4.3. Performance Analysis

The performance of the proposed model is compared against the existing works that include 23 classes for classification, and the results are presented in

Table 5. Performance comparison of the proposed network against existing networks.

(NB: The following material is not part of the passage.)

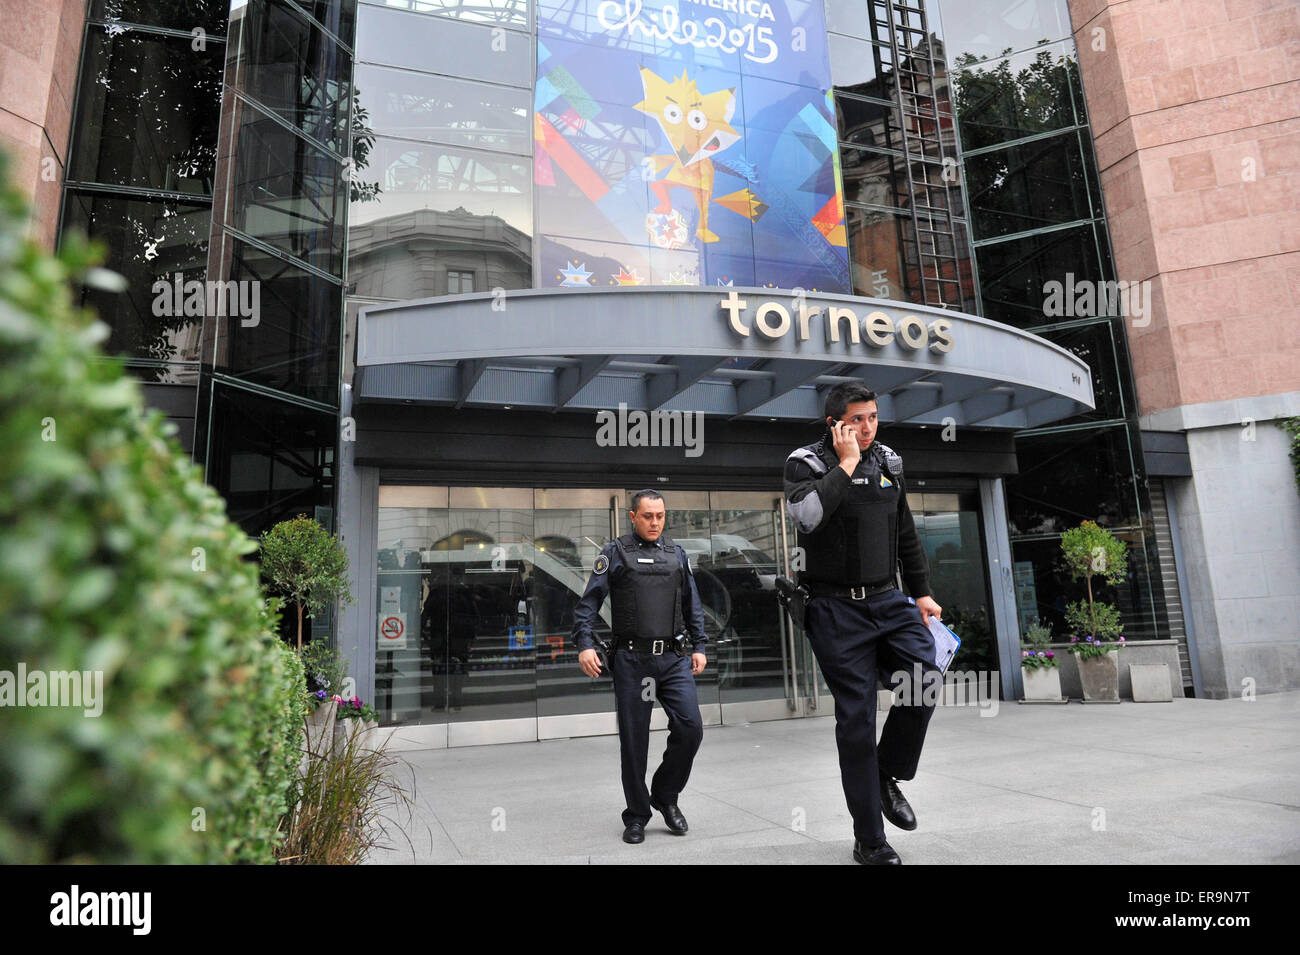 (150530) -- BUENOS AIRES, May 30, 2015 (Xinhua) -- Personnel of the Interpol Department of the Federal Argentine Police are seen at the headquarters of Argentine sports broadcaster Torneos y Competencias during a raid, in Buenos Aires, capital of Argentina, on May 29, 2015. The Argentina Justice Department issued on Thursday the national arrest warrant for three businessmen involved in the corruption scandal of FIFA (International Federation of Association Football). Alejandro Burzaco, CEO of Torneos y Competencias, and brothers Hugo and Mariano Jinkis, owners of a sports marketing company lin Stock Photo

S. No.	Source	Method	F1	Precision	Accuracy	Recall
1	He et al. [20]	ResNet-152, MobileNetV3	0.66	0.68	-	0.65
2	Gjestang et al. [30]	Teacher-student framework	0.89	0.89	0.89	-
3	Barbhuiya et al. [22]	DarkNet	0.71	0.71	-	0.74
4	Galdran et al. [2]	CNN—BiT	0.92	-	-	-
5	Galdran et al. [21]	MobileNetV2, ResNeXt-50	0.64	-	0.65	-
6	Proposed work	Novel feature fusion network	0.97	0.97	0.98	0.98

. To present a valid comparison between the proposed model and existing works, we have presented the performance analysis with the works that have employed all 23 classes on the HyperKvasir dataset. The proposed work has yielded the best F1-score and accuracy for GI disease classification compared to most of the existing works. This is due to the fusion of significant features from two powerful networks, namely EffficientNet B0 and the proposed Effimix. The integrated features from these networks enabled the proposed model to achieve better inter-class metrics.

5. Conclusions

Gastrointestinal diseases are one of the most prevalent causes of disability in the workforce community. Accurate detection of abnormal tissue growth and other abnormalities plays an important role in determining whether surgical intervention is required. However, the challenges of manually observing each frame received during an endoscopic procedure necessitates the assistance of an AI-powered system. The existing deep learning architectures proposed for gastrointestinal disease classification employ various state-of-the-art CNN models and their combinations. These models mostly apply specific frameworks to improve overall training and loss on the data set. However, there is still room for improvement in terms of overall and class-wise accuracy. In this work, an automated method for gastrointestinal disease classification was proposed. The CNN architecture efficiently aggregates the feature maps from two different models, namely EfficientNet B0 and Effimix. The proposed networks were trained on HyperKvasir benchmark dataset. The proposed model yields an accuracy of 97.99%, with a F1 score, precision, and recall of 97%, 97%, and 98%, respectively on the HyperKvasir dataset. The proposed network can be extended to other gastrointestinal imaging modalities like endoscopic ultrasound (EUS).